Japan kompensiert diesen Einbruch kaum mit sauberem Strom aus erneuerbaren Energien – diese machen gerade einmal 16 Prozent des nationalen Strombedarfs aus –, sondern vordergründig mit fossilen Brennstoffen. Und obwohl aktuelle Studien zeigen, dass Erneuerbare aus Wind (ab 2022) oder Solar (ab 2023) schon sehr bald kostengünstiger produziert werden könnten, hält Tokio weiterhin an den Plänen fest.

Sage und schreibe 22 neue Kohlekraftwerke werden in den kommenden fünf Jahren aus dem Boden gestampft.
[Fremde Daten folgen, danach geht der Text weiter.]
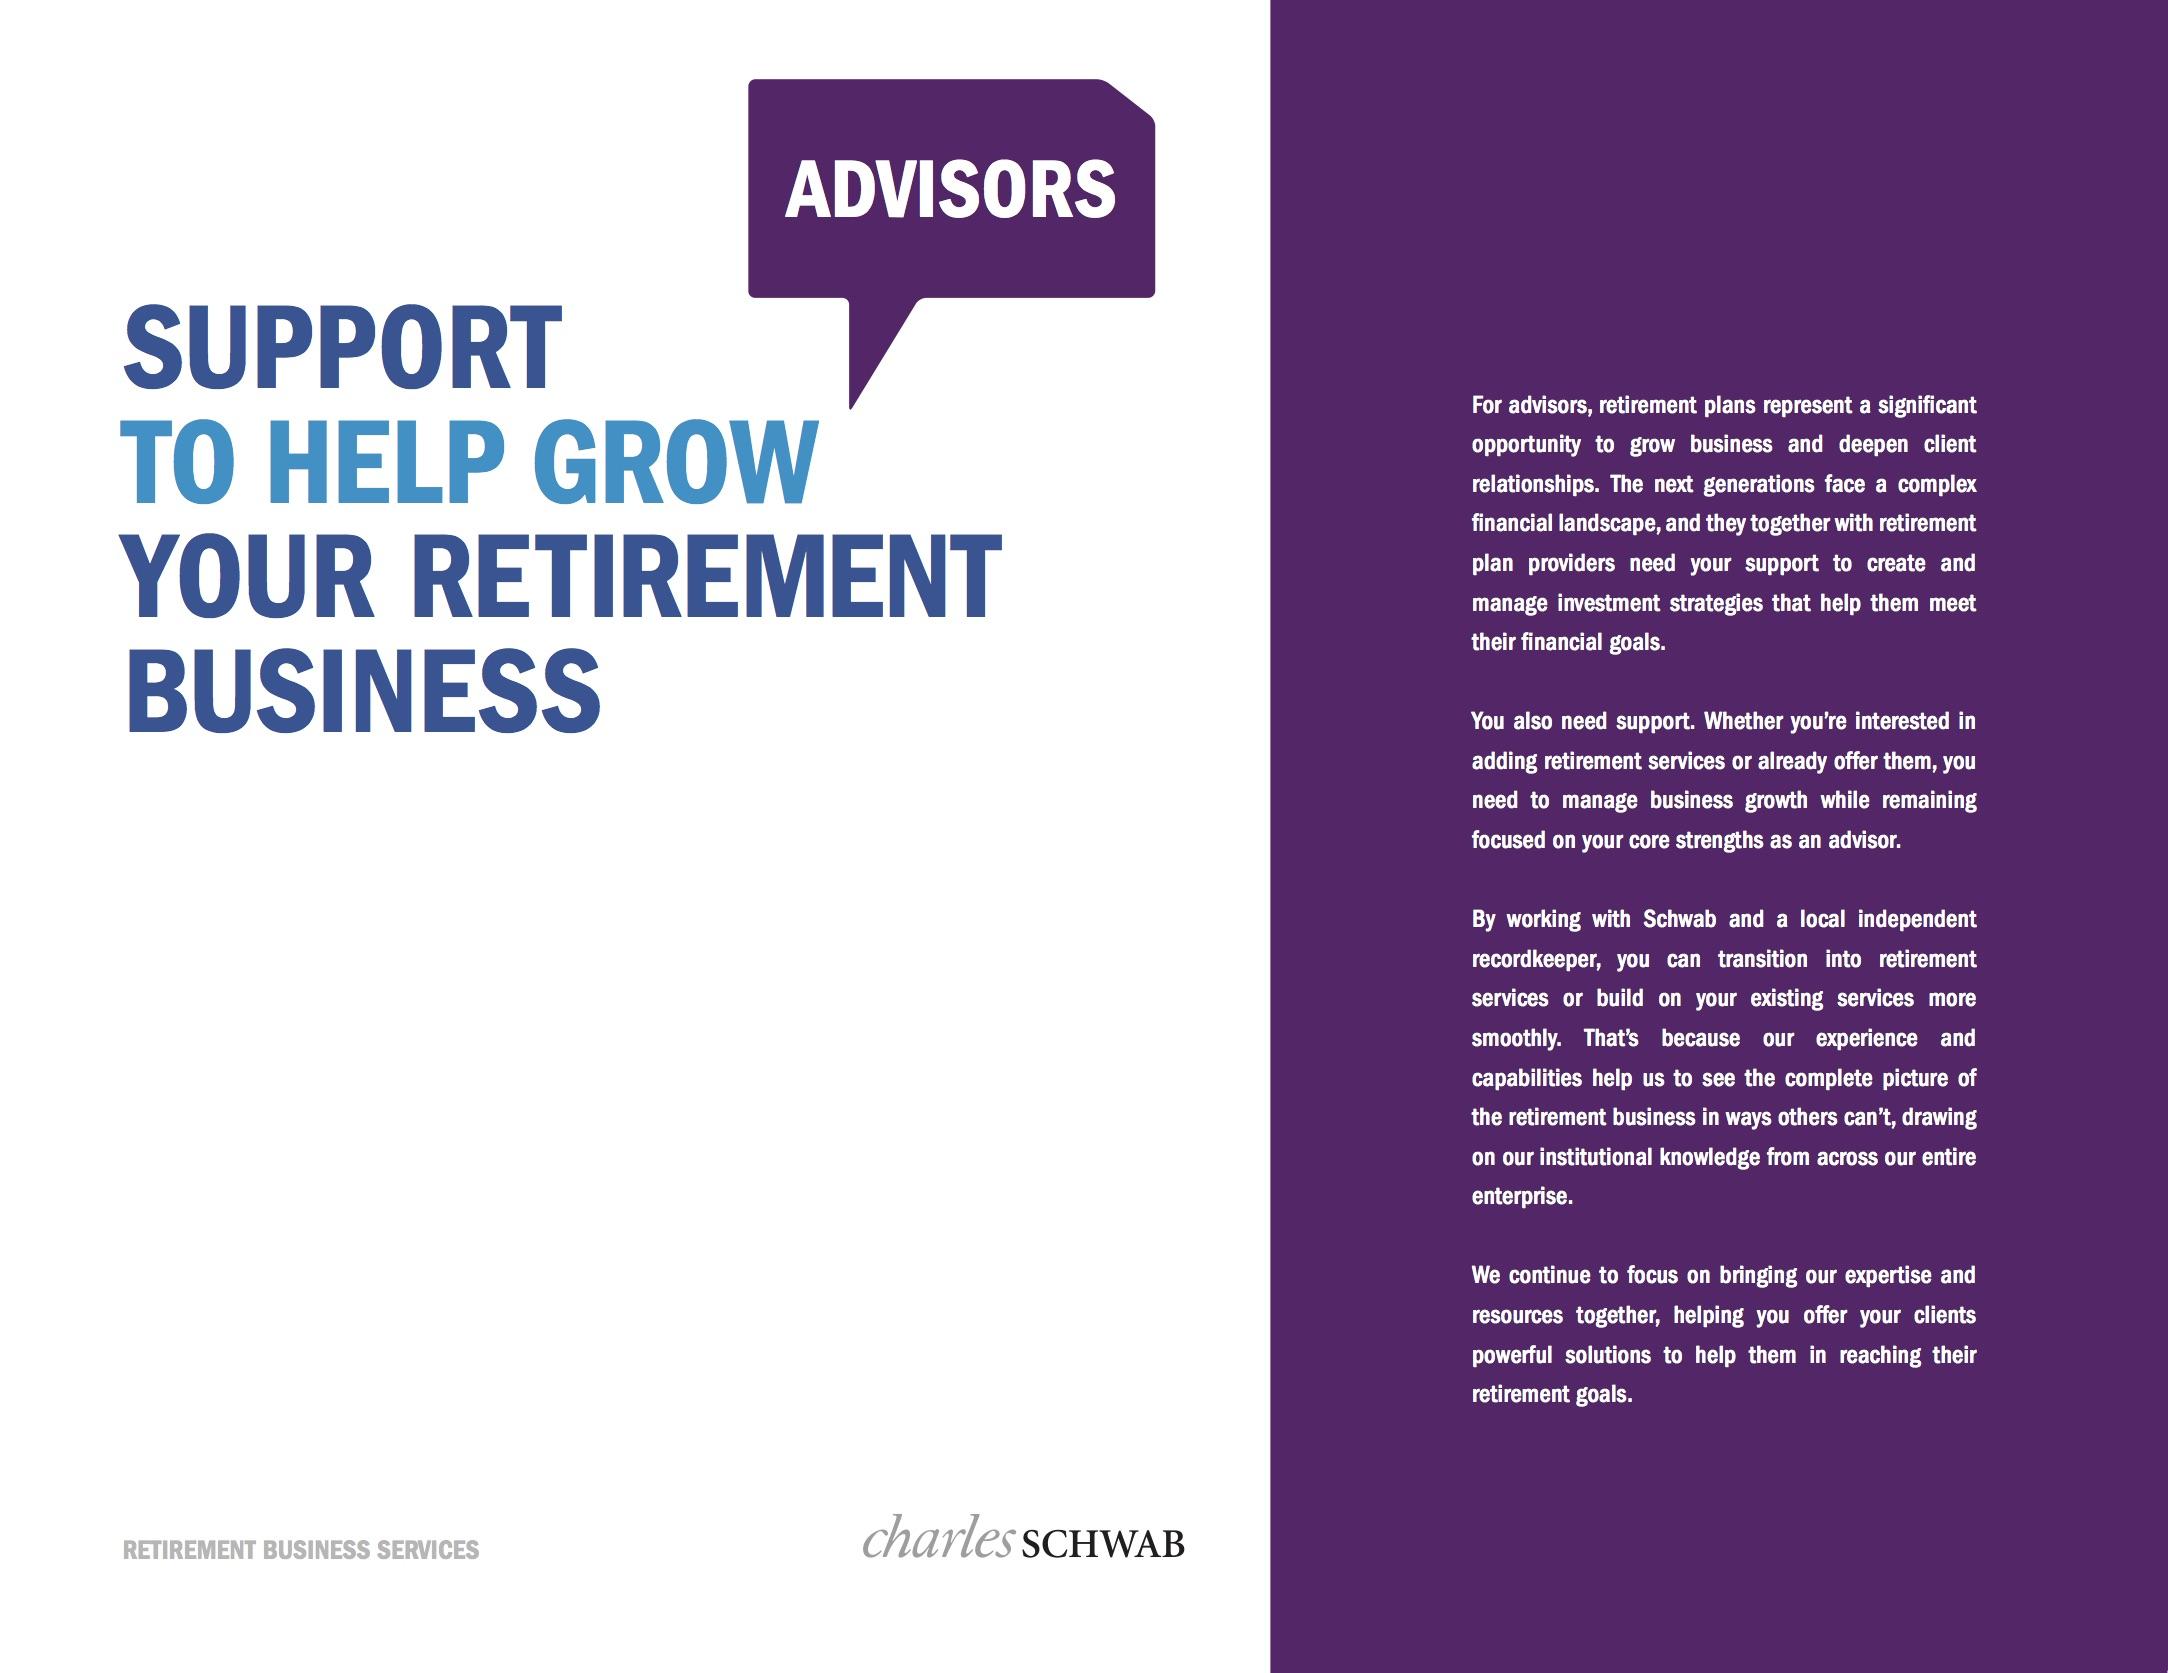 RBS_Advisor_Brochure_PRINT.jpg
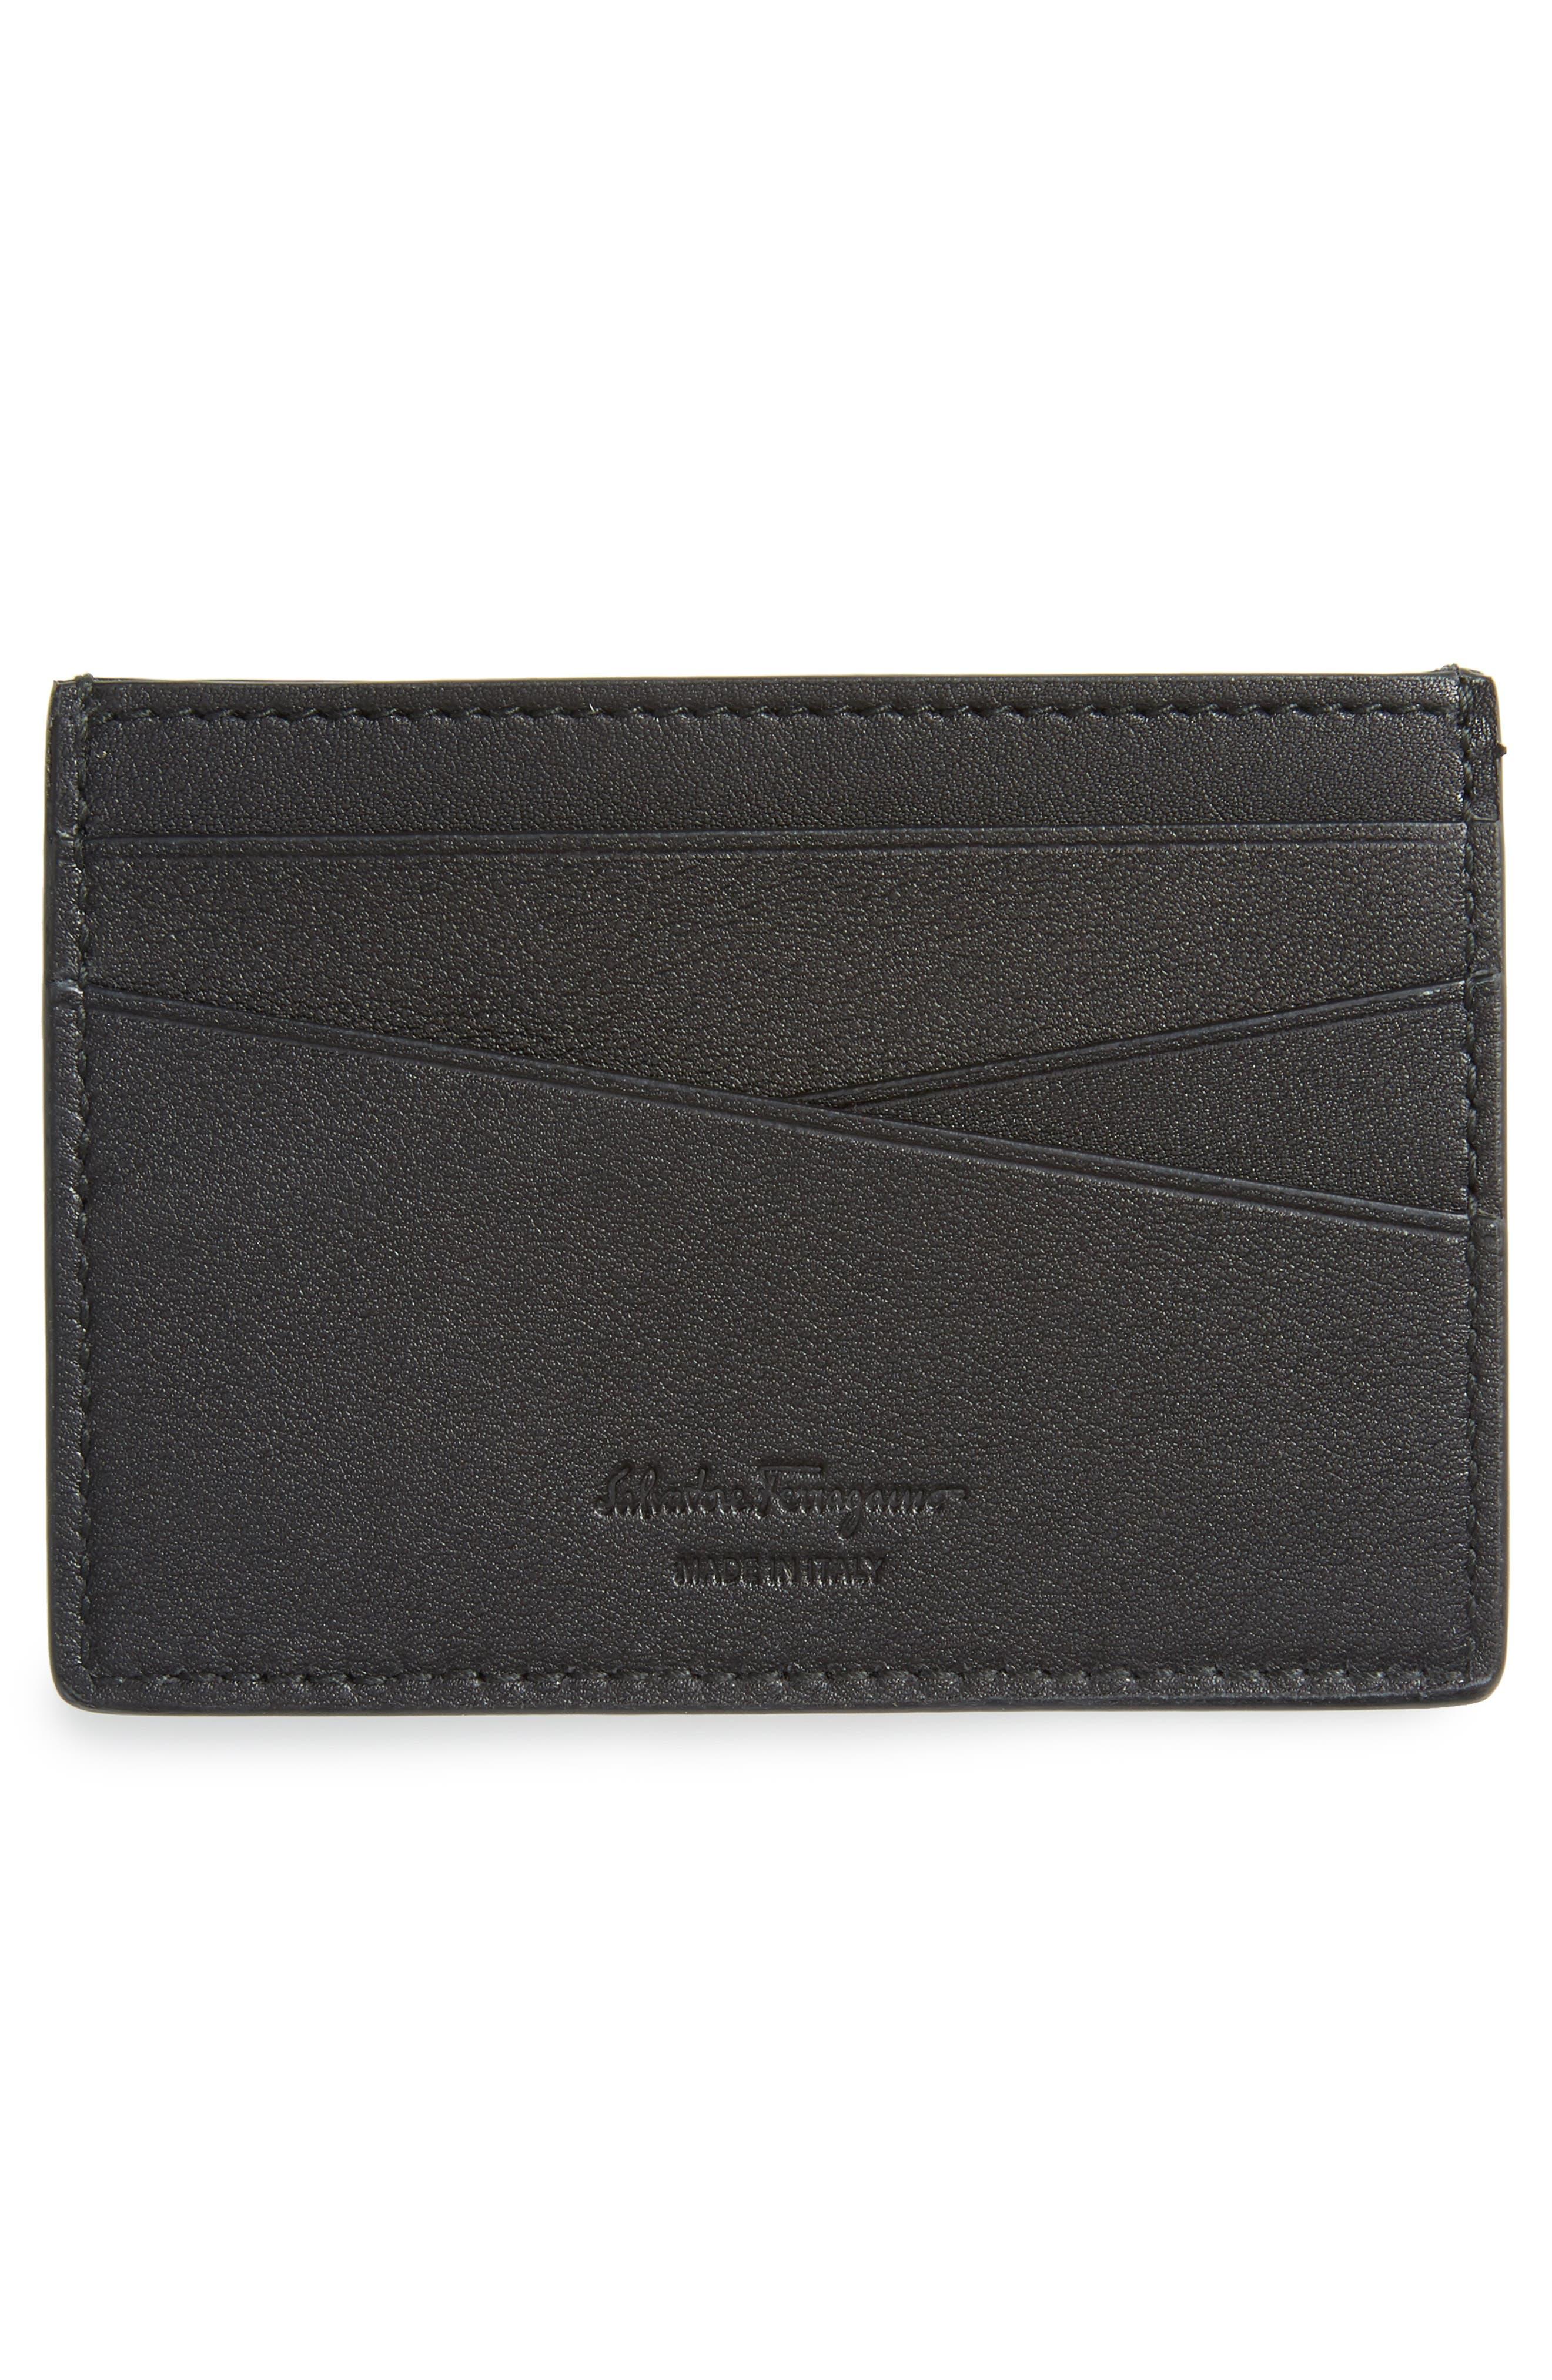 Calfskin Leather Card Case,                             Alternate thumbnail 2, color,                             BLACK

Einmal angeschaltet, werden allein diese Kohlekraftwerke jährlich annähernd so viel Kohlendioxid ausstoßen wie die komplette US-Automobilindustrie. Eigentlich hatte man sich in den Pariser Klimazielen zu einer 26-prozentigen Reduktion des CO2-Ausstoßes bis zum Jahr 2030 verpflichtet – ein Ziel, das durch die neuen Kohlekraftwerke akut bedroht ist. Immerhin will Japan auch ab 2030 noch ein Viertel seines Strombedarfs mit Kohlekraft decken.

22 neue Kohlekraftwerke sollen allein in den nächsten fünf Jahren errichtet werden.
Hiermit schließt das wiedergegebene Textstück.